Concept of Angular Distance & Angular Speed
A full circle = $360^o$
One sector = $30^o$
In case of clocks we often measure the distance in degrees and speed in degrees/minutes.
What is the angular speed of the minute hand?
The minute hand rotates one full circle in one hour, or it travels 360 degrees in 60 minutes.
Therefore, the speed of the minute hand = $360^o$ per 60 minutes = $60^o$ per minute
What is the angular speed of the hour hand?
The hour hand travels $360^o$ in 12 hours.
So, speed of the hour hand = $360^o$ per 12 hours = $30^o$ per 1 hour or per 60 minutes = $0.5^o$ per minute
What is the angular speed of the second hand?
It travels $360^o$ in one minute. So, speed of the second hand = $360^o$ per minute
Q. What is the angle traced by hour hand in 15 minutes?

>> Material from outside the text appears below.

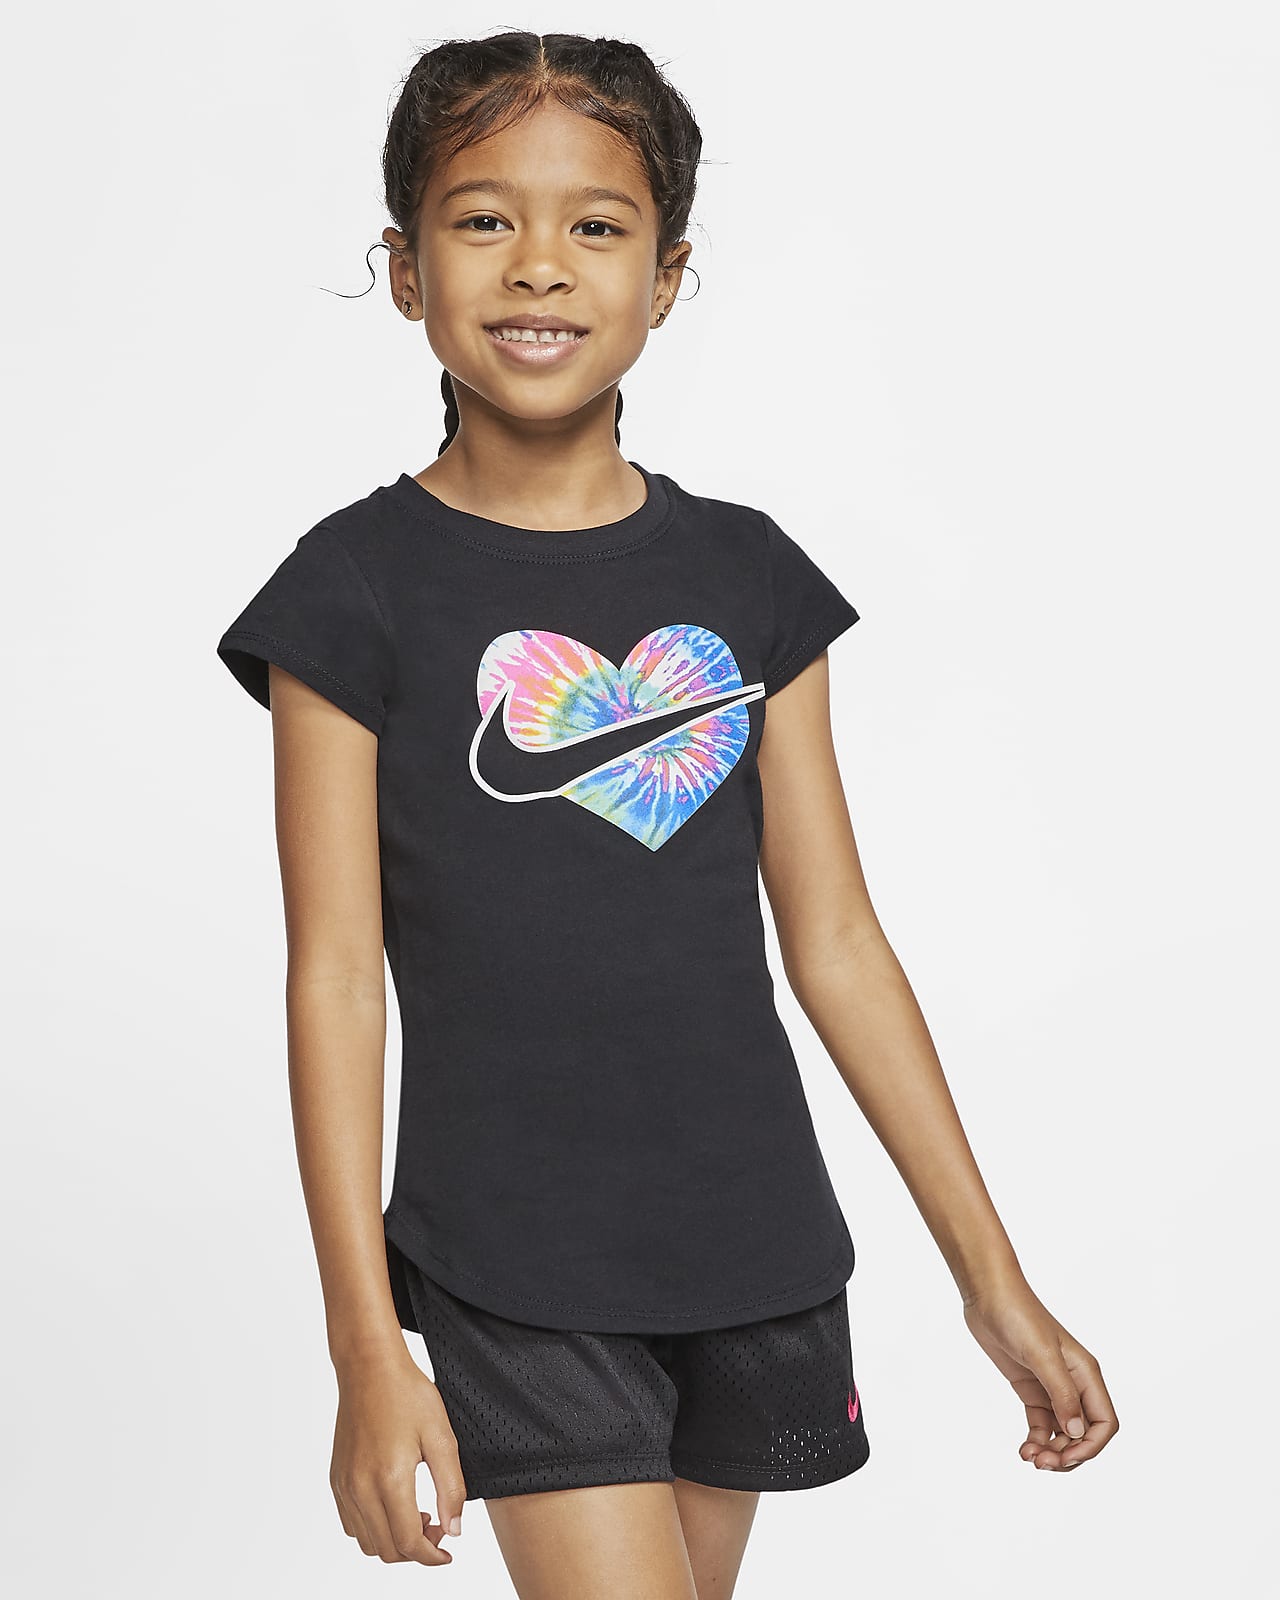 Nike Little Kids' Tie-Dye T-Shirt. Nike.com

(a) $7.5^o$ (b) $8^o$ (c) $6.5^o$ (d) $8.5^o$
Explanation:
That is, distance travelled by hour hand in one minute = $0.5^o$
So, angle traced by hour hand in 15 min = 15 × 0.5 = $7.5^o$
Answer: (a)
Finding Angle
In some type of questions, candidate is required to find out the angle between the hour hand and the minute hand at some given particular time.
To solve such questions we can use multiple methods. Let us learn them by taking help of some examples. You are supoosed to choose the method you like and then gain mastery over it.

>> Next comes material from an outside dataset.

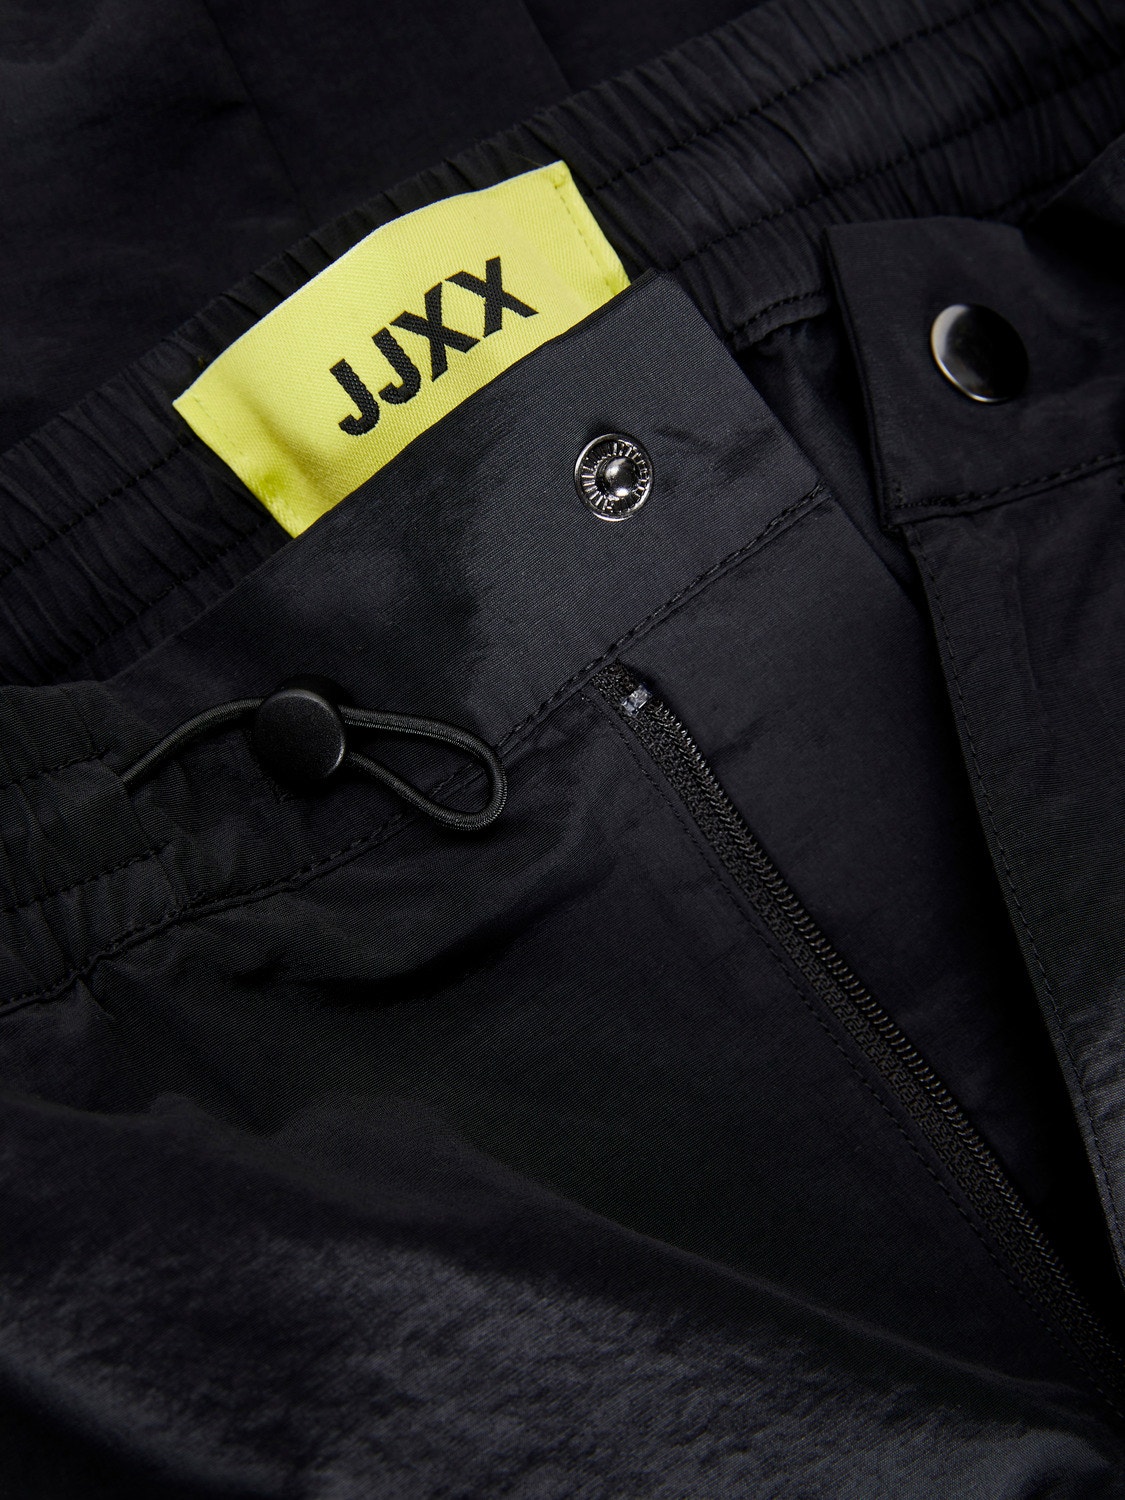 JJXX JXGABBY Spodnie bojówki -Black - 12241089

Q. What is the angle between hour and minute hands at 6:30 pm?
(a) $30^o$ (b) $15^o$ (c) $10^o$ (d) $12^o$
Explanations :
We can visualize that at 6:30 pm the minute hand will be pointing towards 6 in the dial, i.e. where the hour hand was pointing at 6 pm.
Hence, the angle between the two hands will be equal to the distance travelled by the hour hand in 30 minutes, i.e. $0.5^o$ × 30 = $15^o$. (as angular speed of hour hand = $0.5^o$ per minute)
Answer: (b)
The distance between the two hands at 6 pm = $180^o$ (they are facing opposite to each other)
In 30 minutes the minute hand will move by $6^o$ × 30 = $180^o$
In 30 minutes the hour hand will move by $0.5^o$ × 30 = $15^o$
So, the minute hand will now be at the initial position of the hour hand, i.e. it will be pointing towards 6 in the dial. But in this time the hour hand has already moved by $15^o$.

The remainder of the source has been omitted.